Thread (5 messages) 5 messages, 2 authors, 2013-11-15

Re: mdadm --fail requires writeable drive.

From: Benjamin ESTRABAUD <hidden>
Date: 2013-11-14 17:33:01

Hi Neil,

This does work but I was looking for a way to explicitely set a 
particular device as Failed (I want to process devices one by one).

But right now I was reading from the array to force it detecting the 
failure as opposed to using "detached" which orders of magnitude better.

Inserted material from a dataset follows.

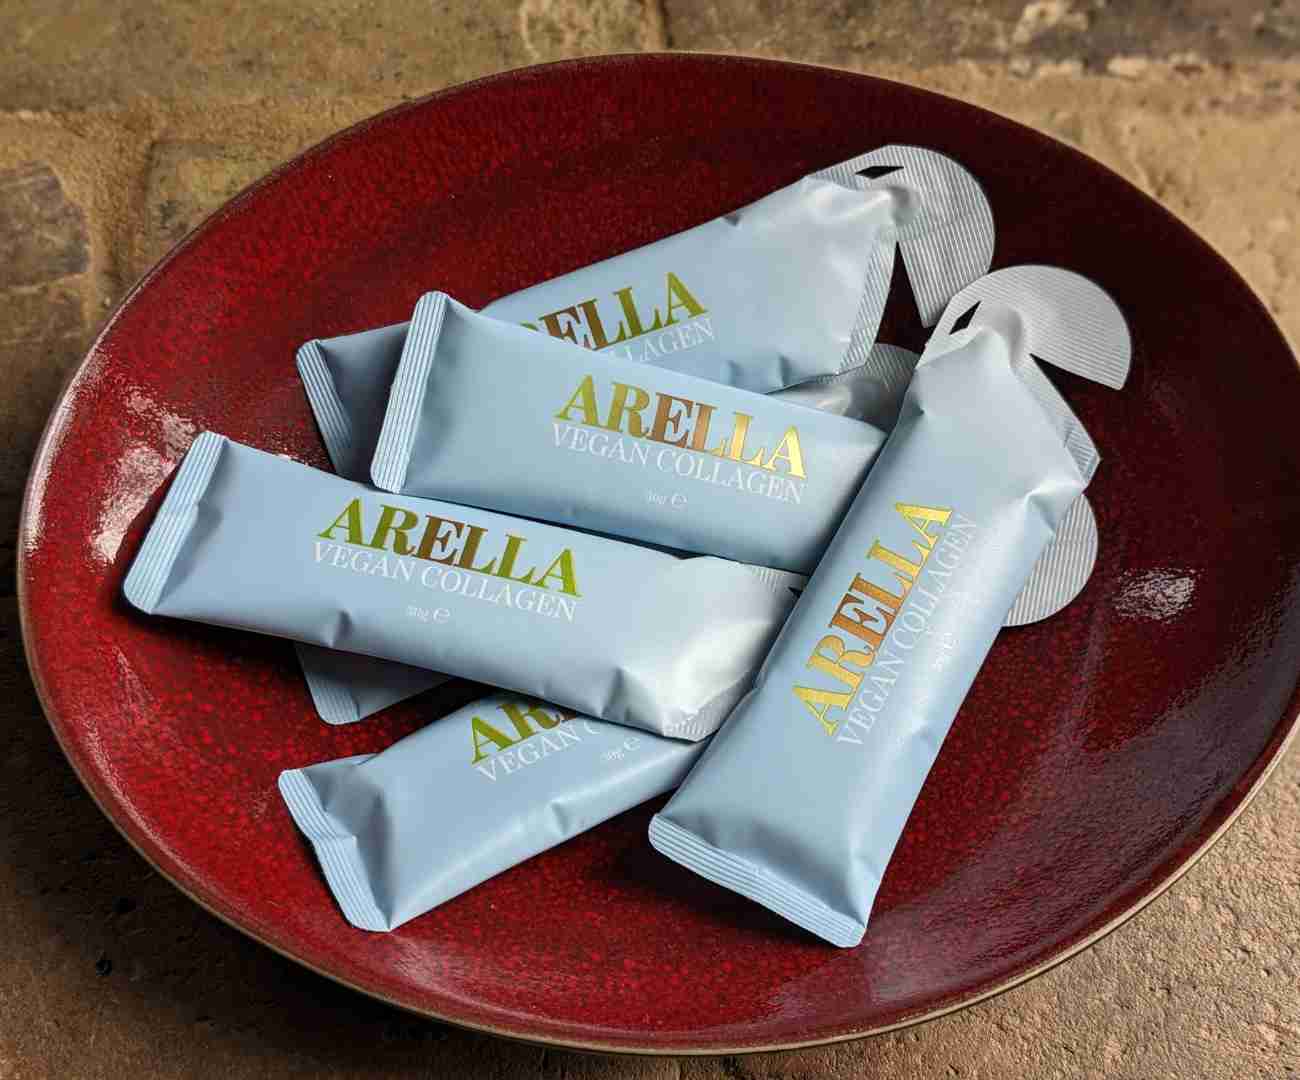 Arella review – vegan liquid collagen with taste
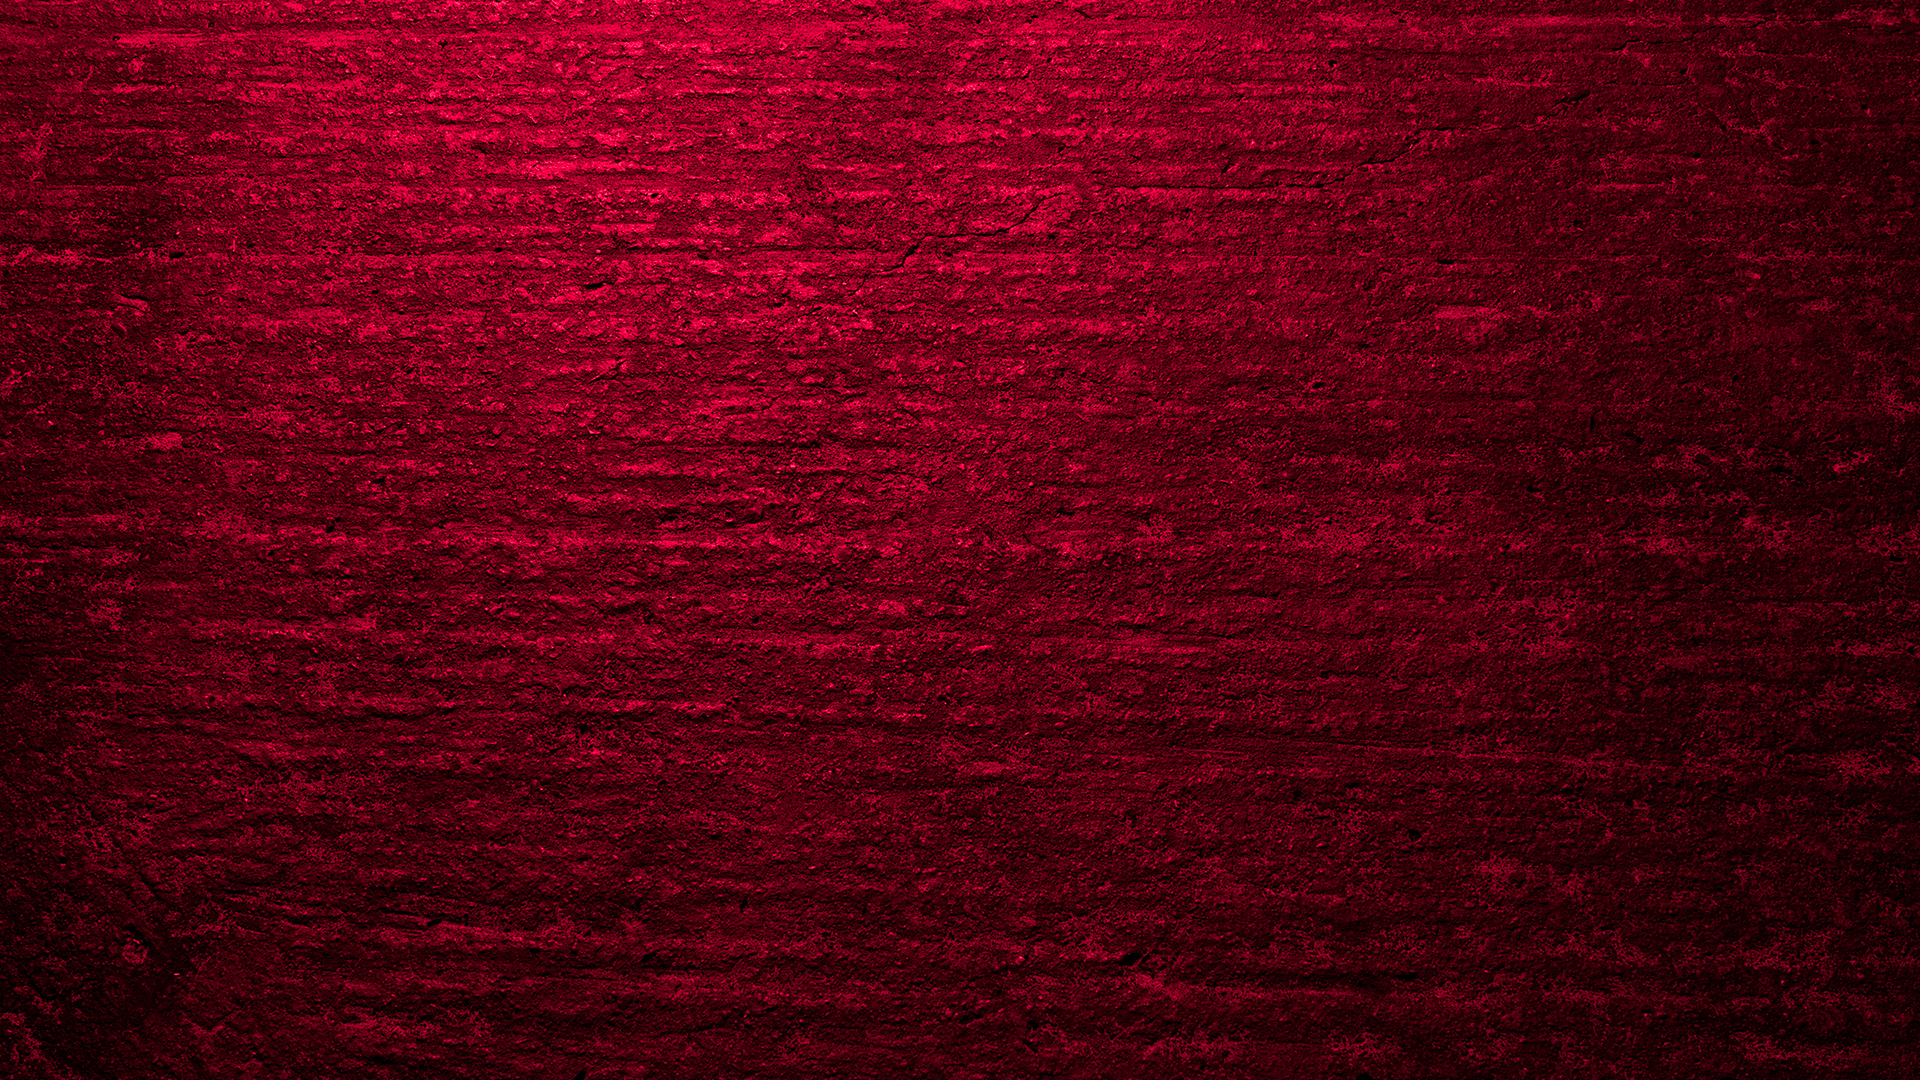 Red Grunge Concrete Texture Hd 1920 X 1080p - Red Grunge Concrete Texture Hd , HD Wallpaper & Backgrounds

Thanks for the tip, I'll use that for now.

Regards,
Ben.

On 14/11/13 00:44, NeilBrown wrote:
On Wed, 13 Nov 2013 12:17:21 +0000 Benjamin ESTRABAUD [off-list ref] wrote:
quoted
Hi,

I noticed that mdadm --fail will only work if a disk is present and is
writeable.

mdadm's Manage.c seems to first make sure the drive can be "stat"ed
before proceeding (which will fail if the drive is gone), and then
seemingly try to write "Faulty" to the drive's superblock as well as
notifying MD of the drive failure.

However, in many cases, a drive must be set faulty because it has gone
offline. MD will do a very good job to set the drive faulty itself,
provided that IOs are running on the array. If no IOs are running on the
array, removing a drive and then trying to set it as failed will not
work. Trying to "-r" the drive will also fail since the drive is not yet
marked as failed, so deemed still in use.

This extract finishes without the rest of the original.